Please return the listing exactly as it stands, skipping any pictures.

* [SOURCE DATA]
::::::::::

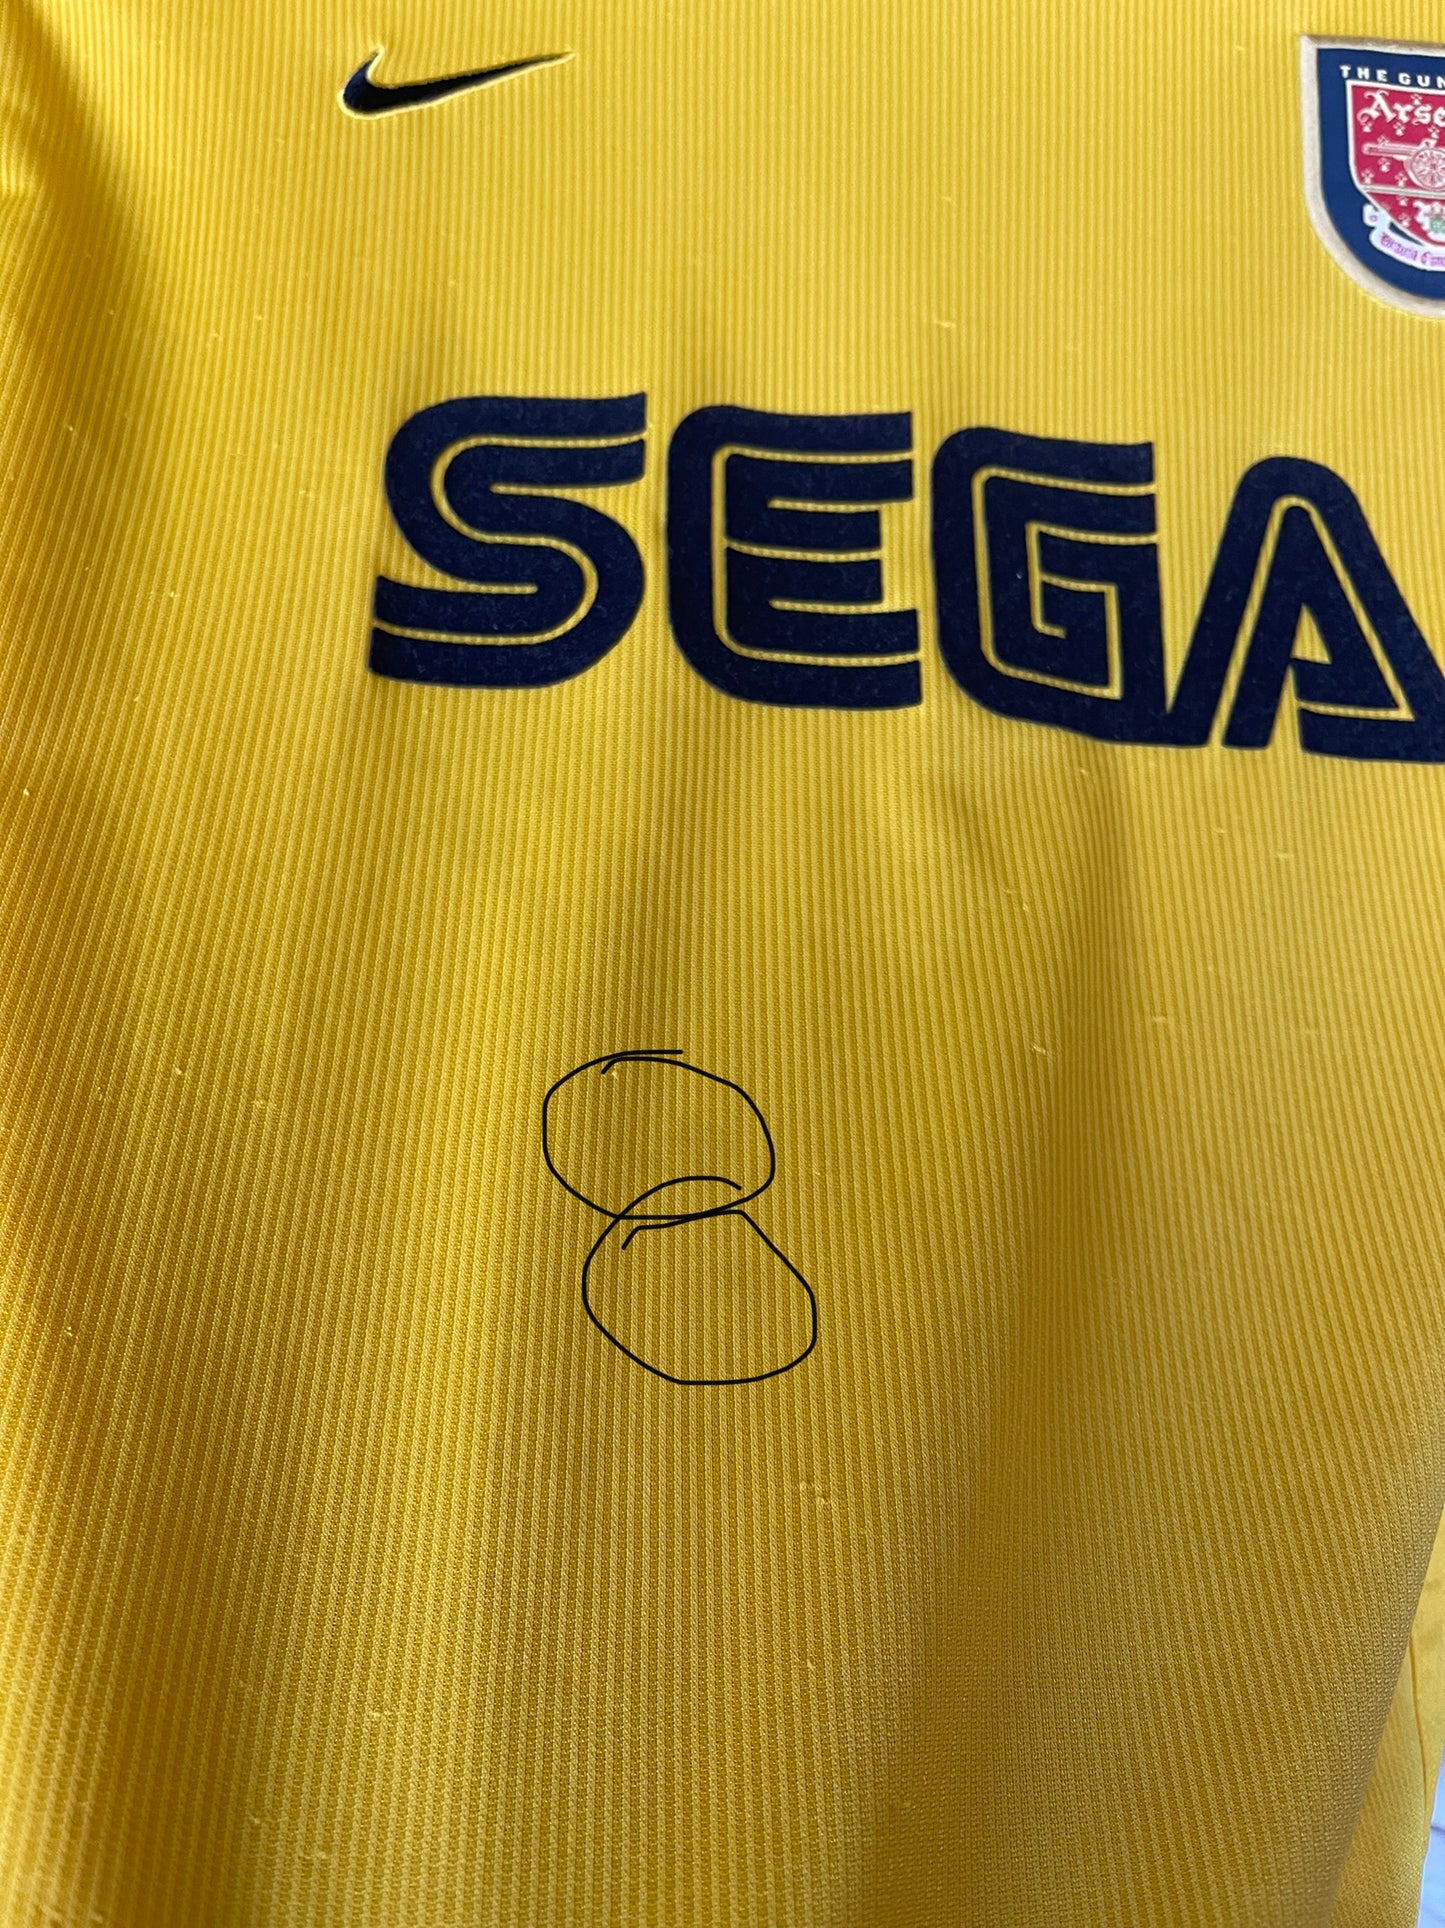 Arsenal Londra Dennis Bergkamp Nike #10 1999 2000 Away Football Shirt Sega Yellow Blue Size XXL
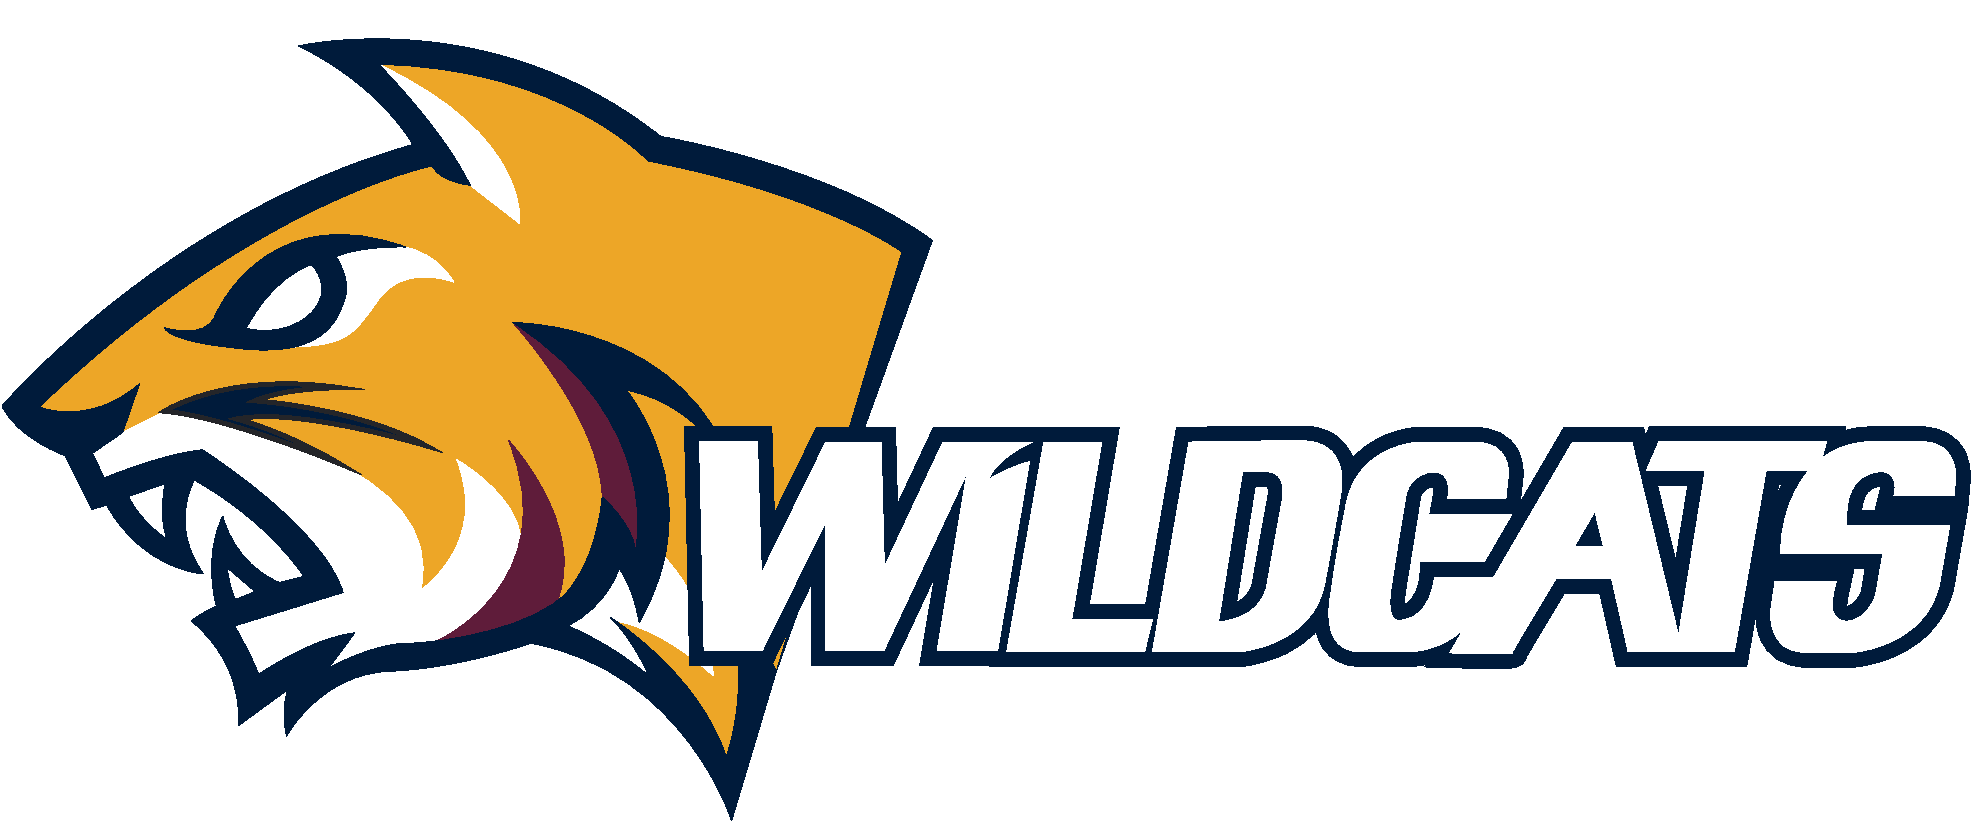 Weston Creek Wildcats Football Club
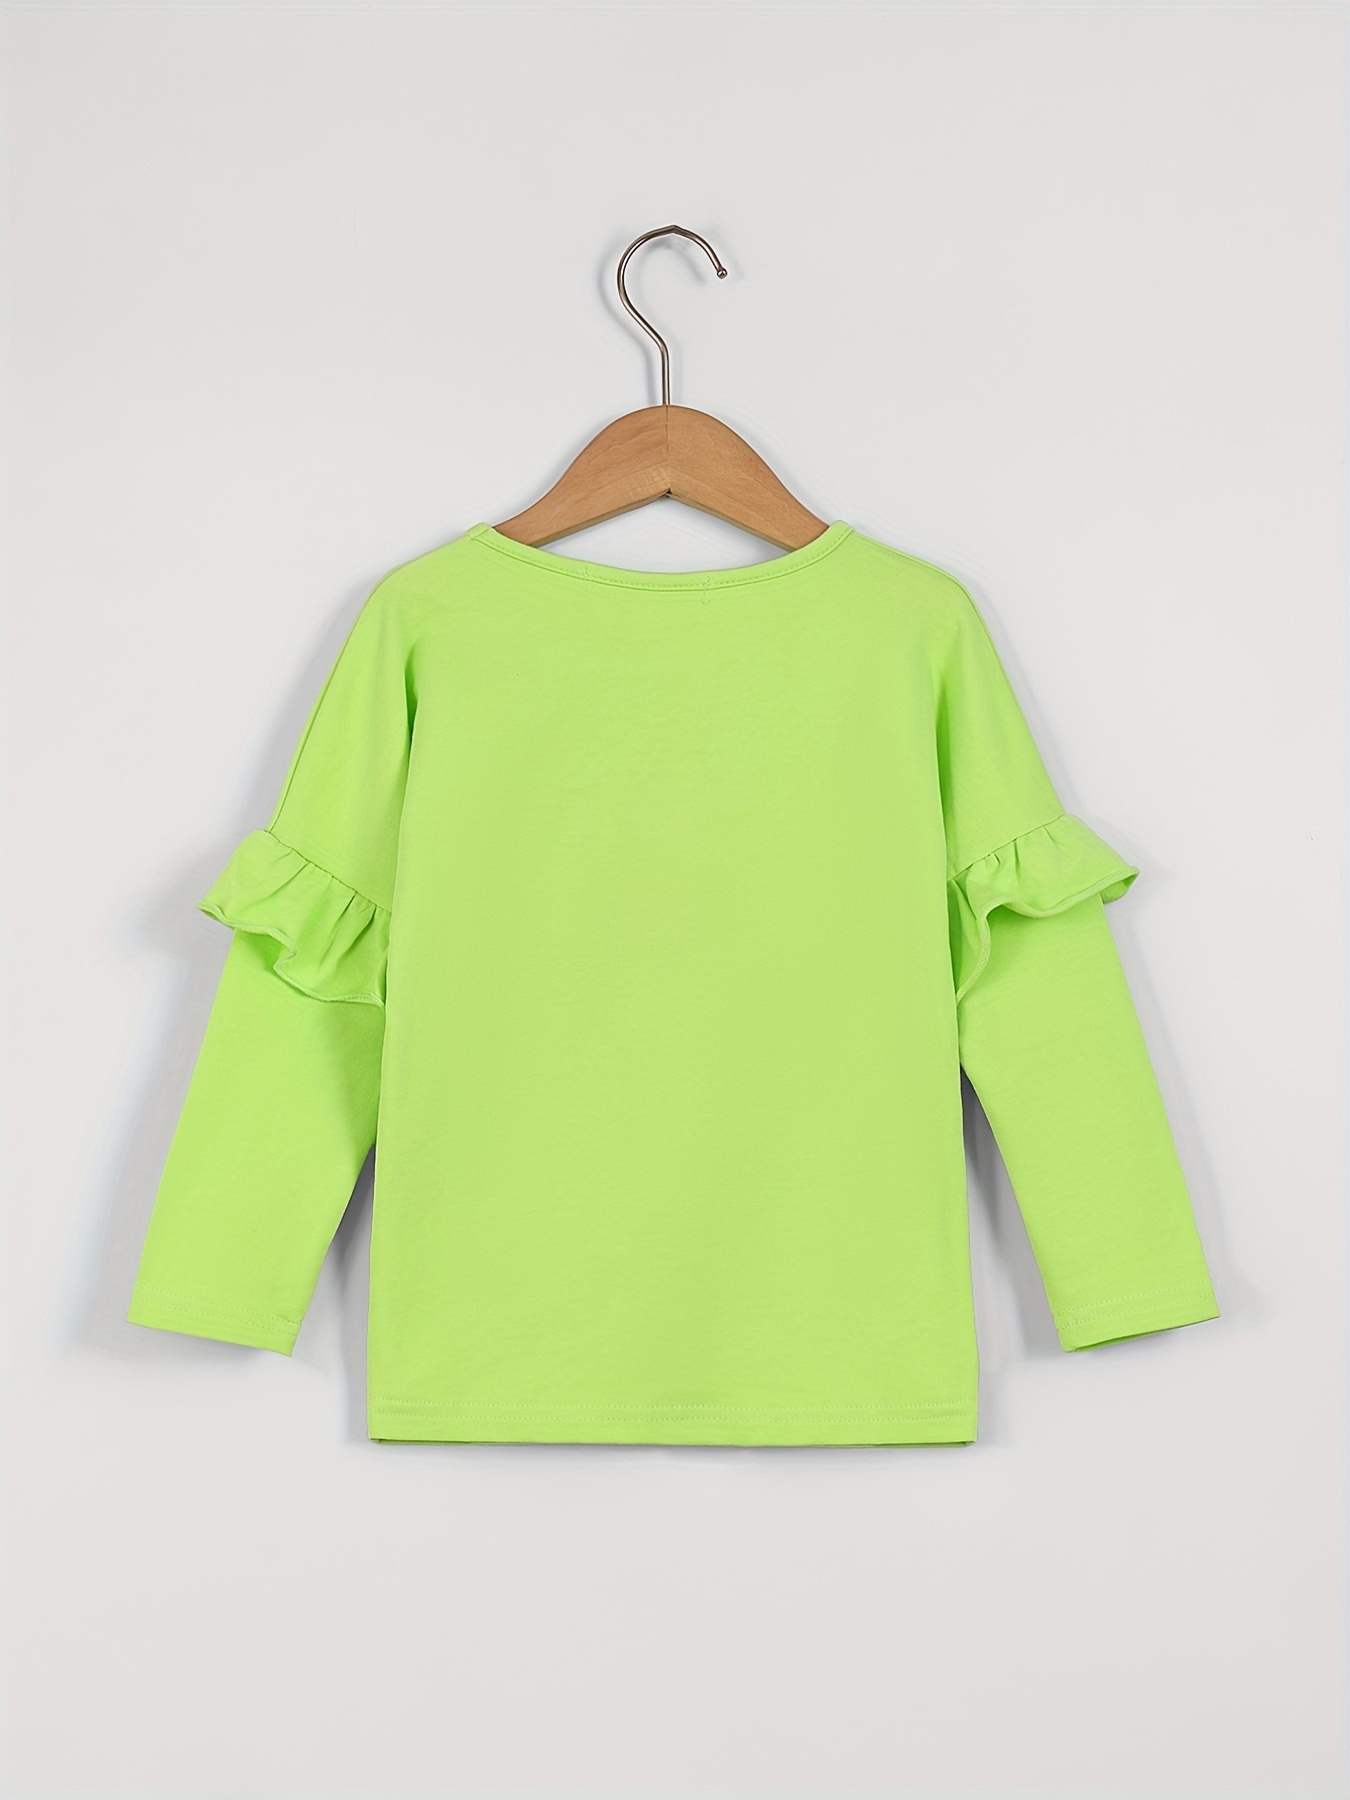 Camiseta estampada con volantes en verde de niña

::::::::::

* [RESPONSE BOX]
 Arsenal Londra Dennis Bergkamp Nike #10 1999 2000 Away Football Shirt Sega Yellow Blue Size XXL
 Weston Creek Wildcats Football Club
 Camiseta estampada con volantes en verde de niña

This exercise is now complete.